The sixth century to which they belong marked the apex of an evolution that took centuries. The early diffusion of Buddhism in China remains unclear. It may have started around the second century A.D. and probably owes as much to the communities of Sogdian merchants from the northeast Iranian world established in Chinese cities, as to missionaries from India, where Buddhism arose around the fifth century B.C. The northeast Iranian tradesmen dominated international commerce along the routes leading from their metropolis Samarkand in present-day Uzbekistan to Sogdian cities in what is now Xinjiang and, via Dunhuang (the sinicized name of Sogdian Durwang), to northern China. Countless sixth- to eigth-century pottery figures representing them have been recovered from funerary chambers and bear out their extensive presence in China proper.
In an essay on the “Buddha Images of the Northern Plains” published in the book accompanying the major 2004 “China” art show in the Metropolitan Museum of Art in New York, the Chinese art historian Su Bai quotes a seventh-century monk, Yanzong, praising the Indian-style images by the Northern Qi Sogdian painter Cao Zhongda. The artist, Yanzong says, was the author of “wondrous painted Buddhas ” “auspicious [images] whose model was transmitted from the West” and “foreign Buddha images of which [he] is the finest interpreter.”
Later connoisseurs continued to sing Cao Zhongda’s praise, invariably stressing his Sogdian identity. As late as the 11th century, a man of letters, Guo Ruoxu, noted that the Sogdian painter also sculpted Buddhas.
But while the iconography of Buddhism arrived in China from India and Sogdia, and foreigners occasionally participated in artistic activity, loans and influences were totally absorbed into the artistic idiom of China, by then one of the most powerful in Asia.
A stela carved in high relief around the early sixth century, at the end of the Northern Wei dynasty, is as thoroughly Chinese as the Gothic statuary of Notre Dame is French. Rapturous smiles with a suggestion of inner laughter are given by the Buddha and the two bodhisattvas on either side. They have no match elsewhere in Asia.
A musician raising to his lips Pan’s pipe, an instrument that reached China from Sasanian Iran, is uniquely Chinese with his irrepressible mirth, as if some wonderful secret had just been revealed to him.
A Buddha head carved under the Eastern Wei rulers (534-550) is absorbed in ecstatic, profoundly gratifying contemplation. Here too, the canon is foreign and the art quintessentially Chinese. The expression of unfathomable, illuminated certainty is reminiscent of some much earlier funerary terracotta figures of the Han age with enigmatic, quietly blissful smiles.
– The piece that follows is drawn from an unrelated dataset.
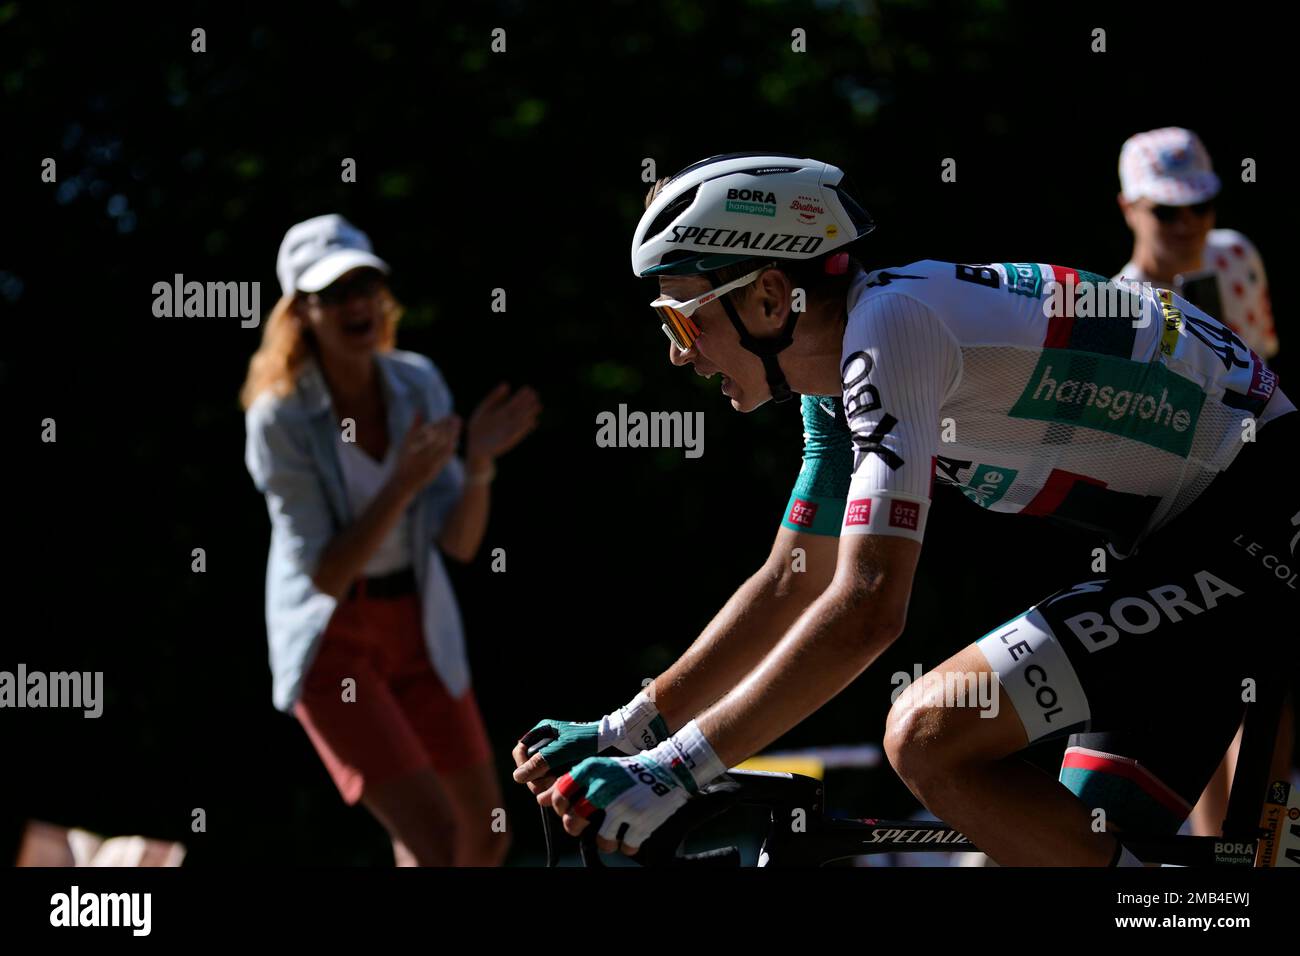 Germany's Lennard Kaemna clims La Super Planche des Belles Fille during the  seventh stage of the Tour de France cycling race over 176.5 kilometers  (109.7 miles) with start in Tomblaine and finish
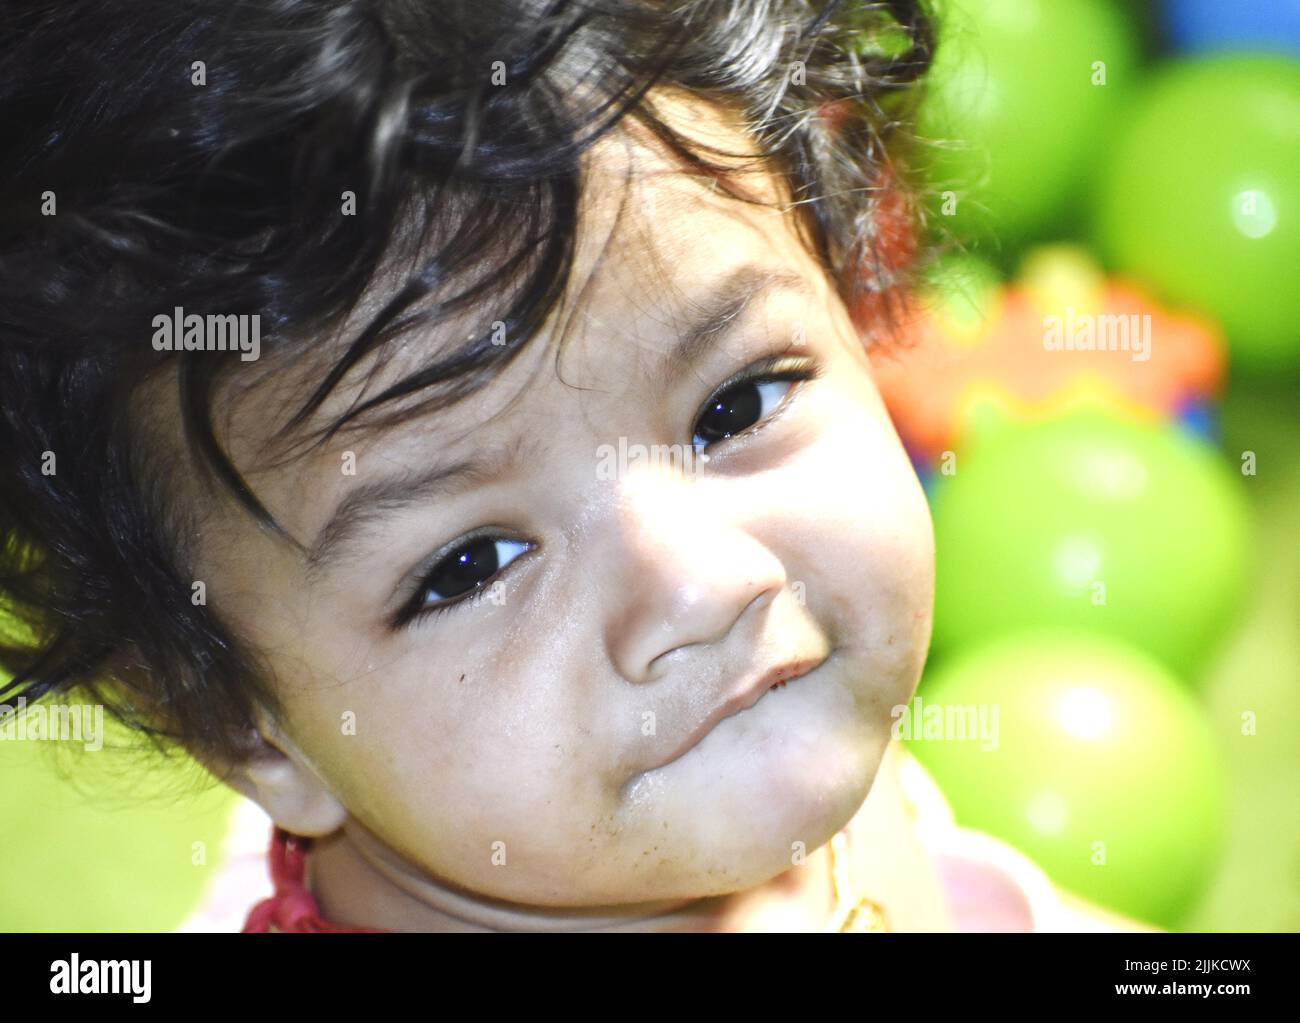 A portrait of a cute Indian baby with big eyes sitting on the playground Stock Photo

Too little is known about the third or fourth century to understand how the transition was made to the full blossoming of Buddhist art in the fifth century and its supreme expression 100 years later. But the continuity of aesthetic approach is clear enough.
Much remains to be discovered about the period separating the end of the Han age in 220 A.D. and the sixth century A.D. The Buddhist art of China then attained what could be seen as its classical moment, immediately before the violently xenophobic reaction of 574-577 A.D. that led to large-scale destruction. Discoveries will be made by the dozen the day authorities set their mind to more systematic archaeological work. So why put a fine gloss on uncertain finds? Be content with showing them in their glorious beauty.